Non-invasive neural interfaces have the potential to transform human-computer interaction by providing users with low friction, information rich, always available inputs. Reality Labs at Meta is developing such an interface for the control of augmented reality devices based on electromyographic (EMG) signals captured at the wrist. Machine learning is crucial to unlocking the full potential of these signals and interactions and this talk will present several specific problems and the machine learning approaches that have advanced us towards this ultimate goal of effortless and joyful interfaces. We will provide the necessary neuroscientific background to understand these signals, describe supervised approaches to biomimetic control especially for generating text, detail several approaches to enabling generalization across users and sessions, and discuss unsupervised approaches to extending the bandwidth of the human-machine interface using these signals.
Over the past few years, vision-language models have led to significant improvements on various tasks such as image-caption retrieval, image captioning, visual question answering, even surpassing human performance on some tasks (such as visual question answering).
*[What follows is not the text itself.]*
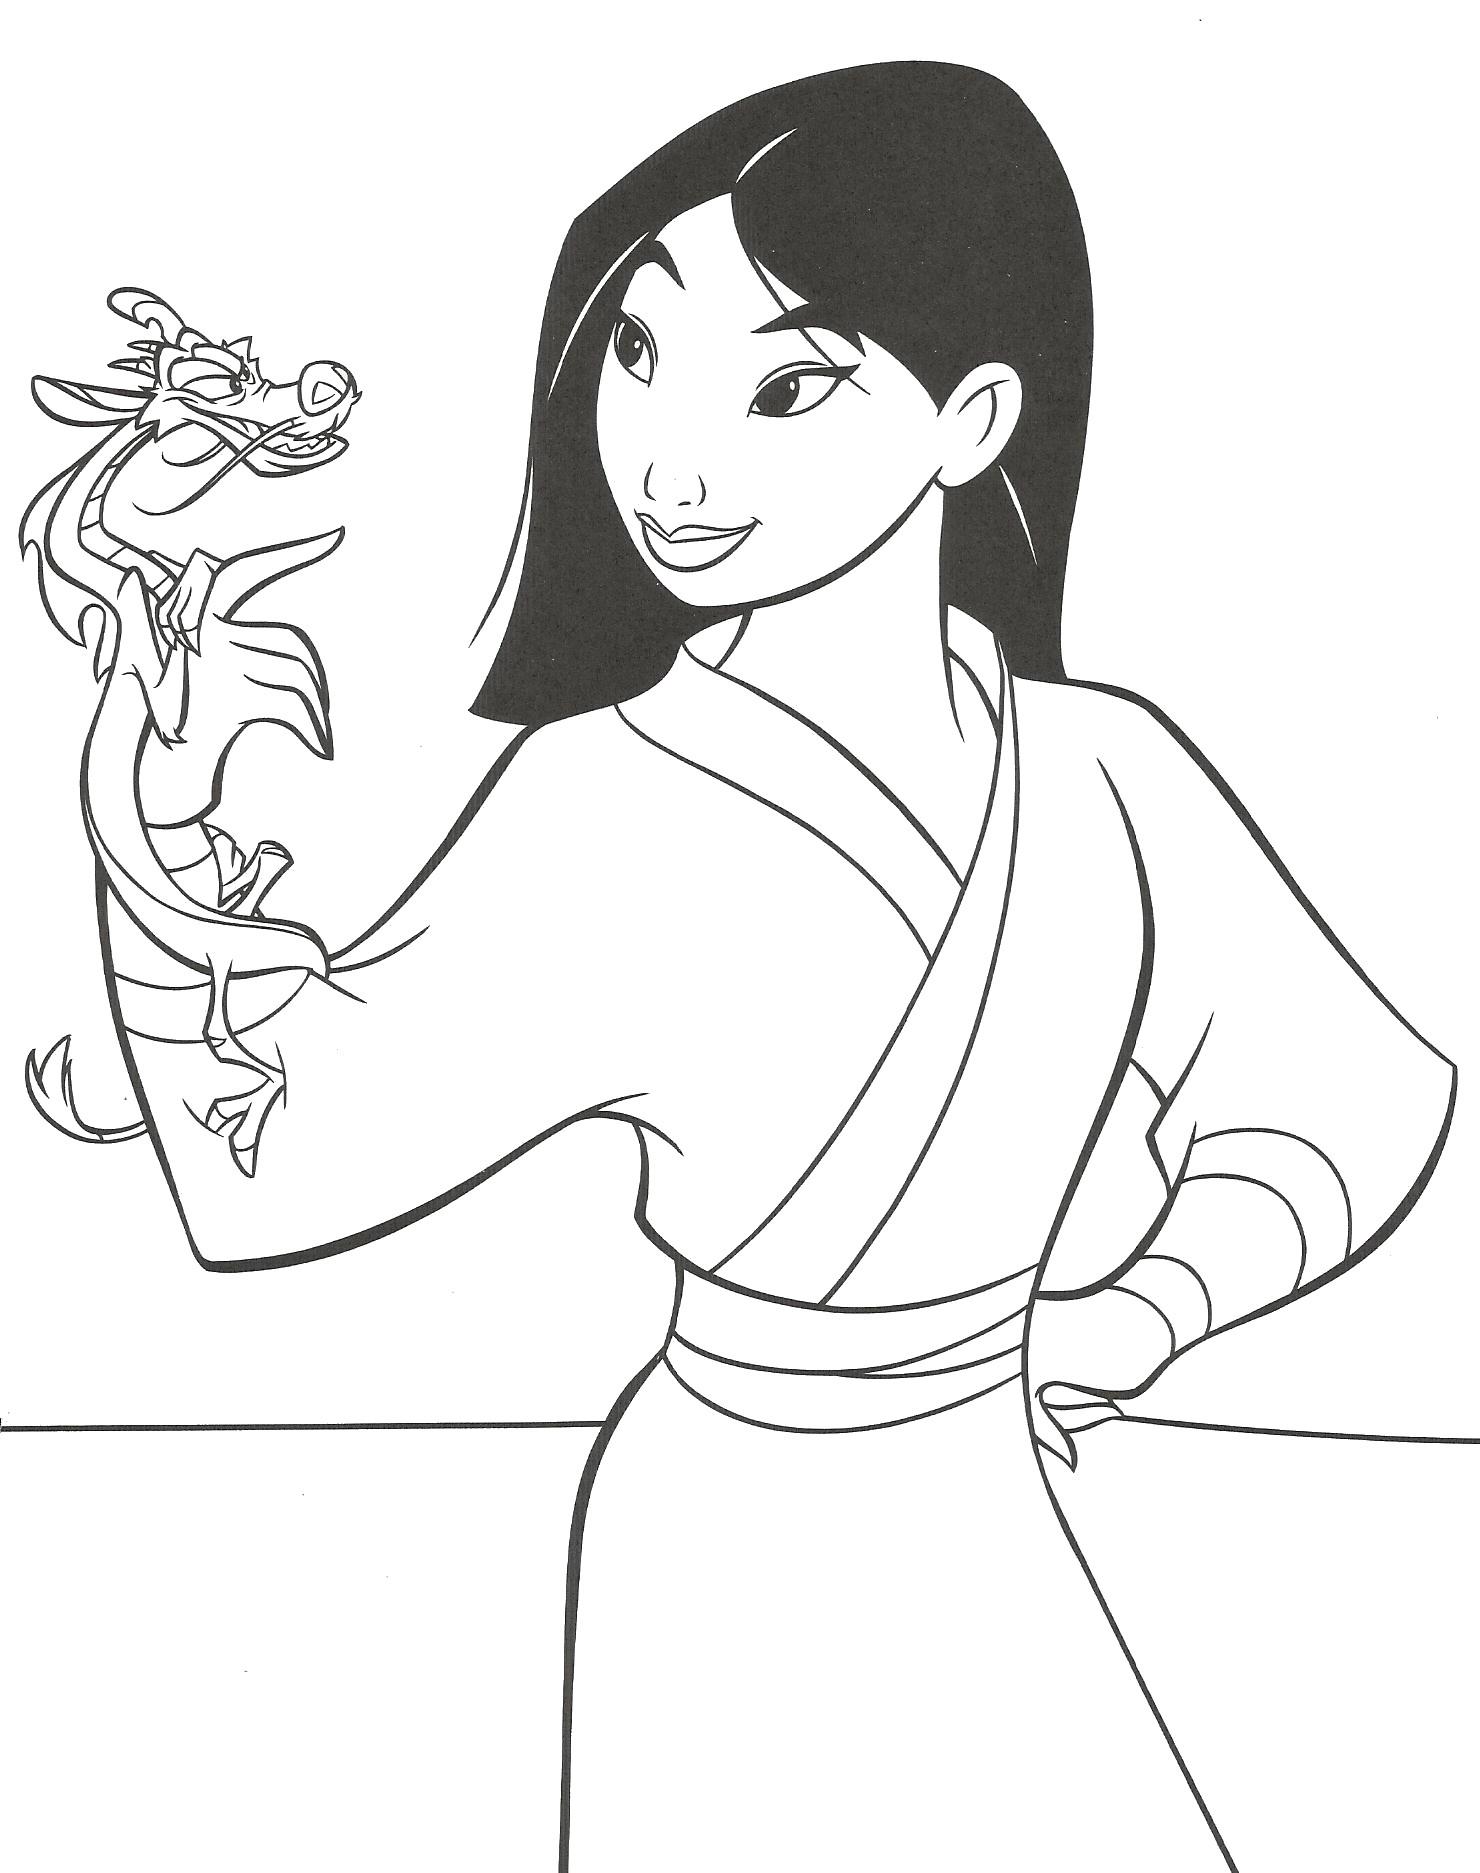 Dessin princesse disney mulan - Dessin a imprimer disney gratuit ...

But, are current models really better than humans in answering questions about images? Are current vision-language models really learning to solve the task or merely learning to solve the dataset? In this talk, I will present a few case studies spanning different tasks and models that try to answer this question via careful and systematic evaluations.
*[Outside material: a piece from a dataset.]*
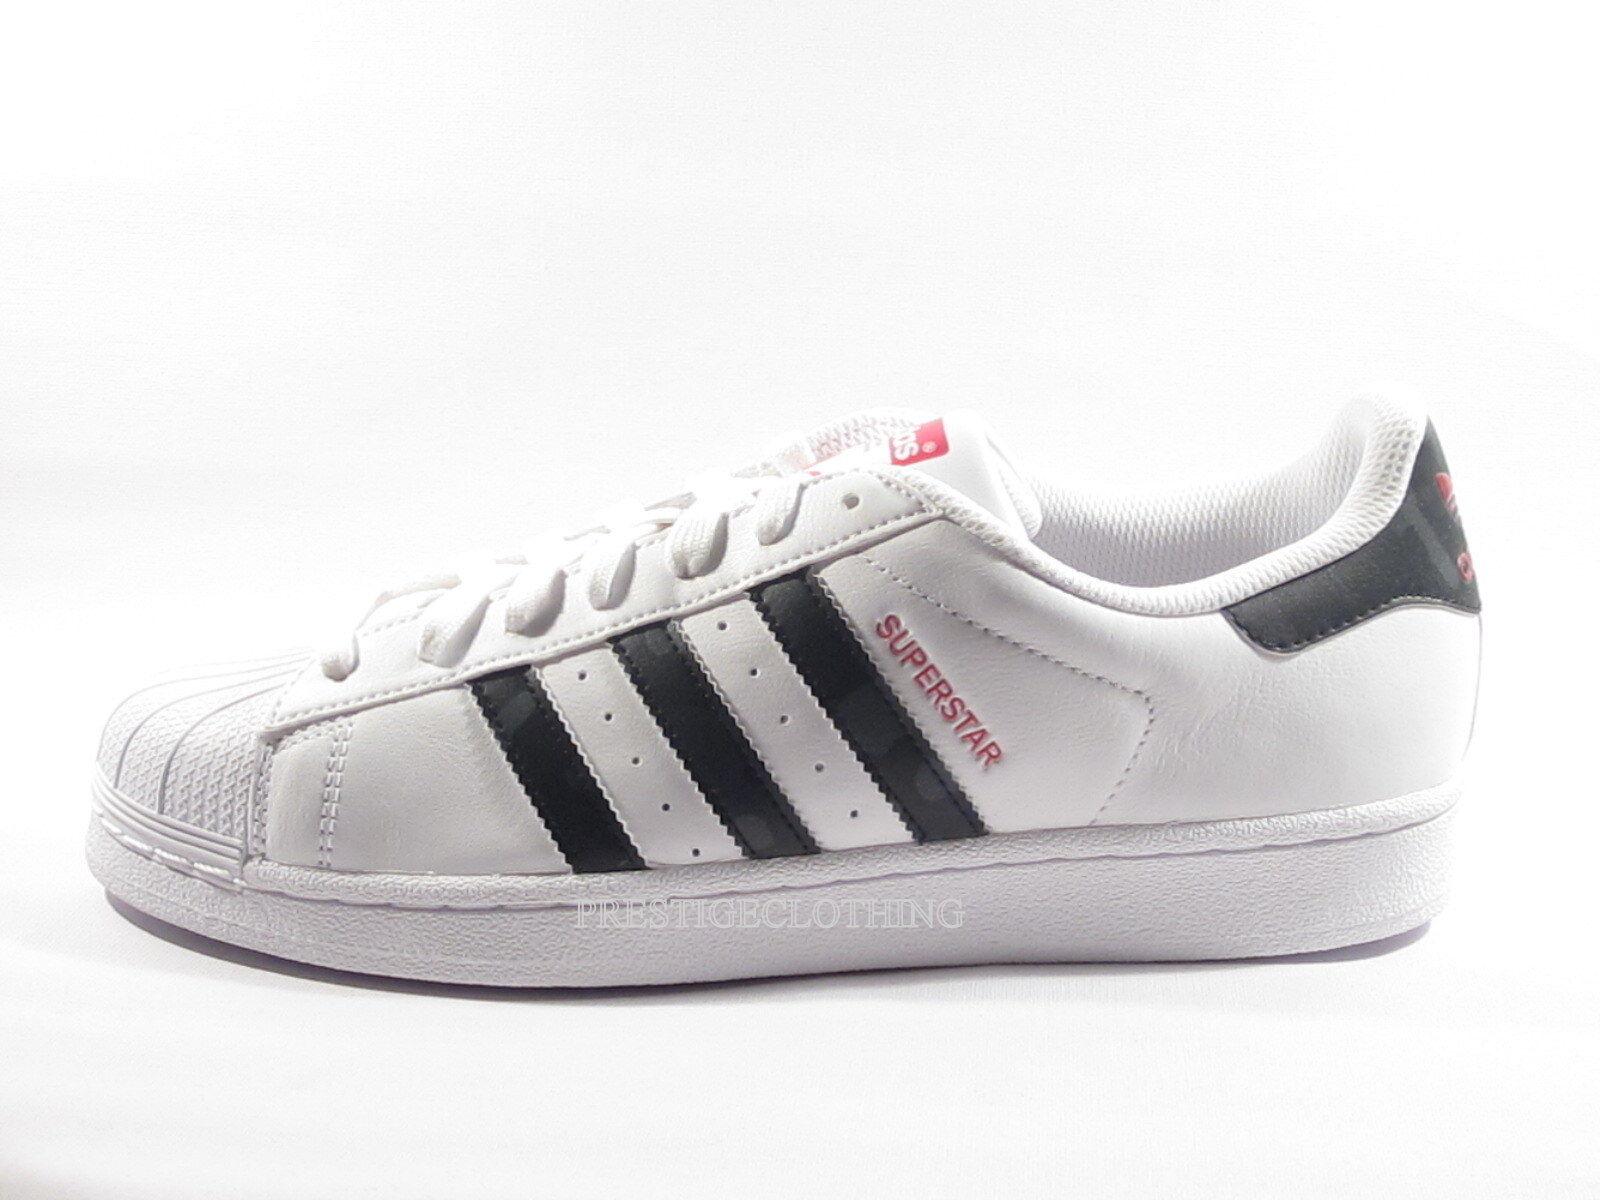 Original Negro Adidas Superstar Camo Blanco Negro Original Rojo Cuero formadores aq2349 02ad28

Few decisions are made with full certainty of their consequences. In reinforcement learning, this principle is instantiated by modelling the sum of rewards obtained (the return) as a random quantity. Consequently, having a complete picture of reinforcement learning requires understanding how an agent's choices affect the distribution of possible returns. Based on our upcoming book (MIT Press), this talk gives a snapshot of the current state of distributional reinforcement learning, including: a characterization of the random return by means of the distributional Bellman equation, dynamic programming algorithms for computing approximations to the return distribution, and a small sample of the ways in which distributional predictions can be used to make better decisions.
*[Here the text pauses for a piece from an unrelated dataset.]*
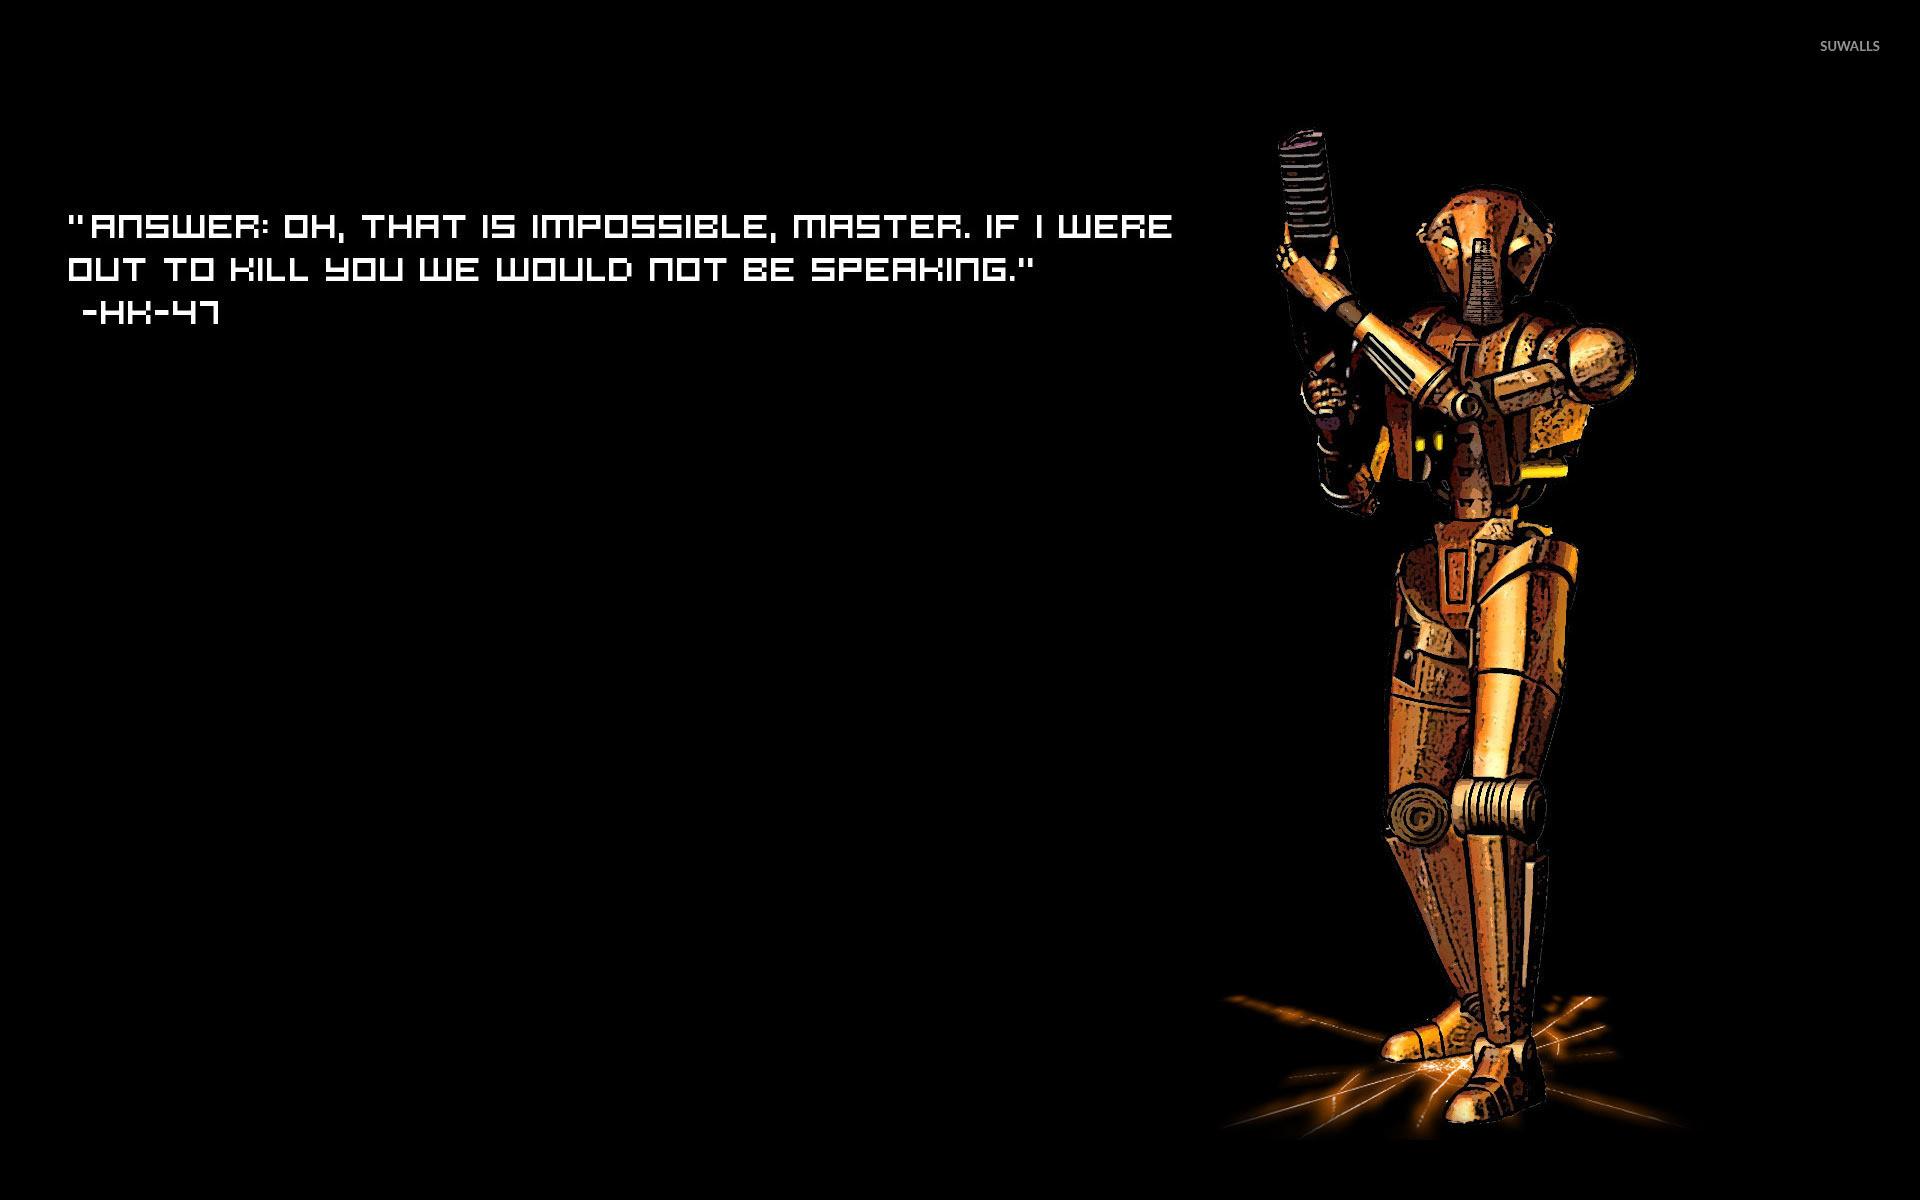 Star Wars quote wallpaper jpg

Going beyond static architectures and using dynamically (1) trained, (2) executed or (3) adapted architectures has been shown to provide faster optimization, better scaling and more effective generalization. In this talk I will give a short overview of these results and share some of our recent work on dynamic training and adaptation of neural networks. On the dynamic training front, I plan to discuss our work on (a) training sparse neural networks and (b) growing neural networks, both of which use gradients as the guiding signal to update architectures during training. I will conclude with our recent work on (c) transfer learning, in which we propose to utilize a pretrained network head2toe by selecting features from all intermediate activations and show that this approach matches fine tuning performance.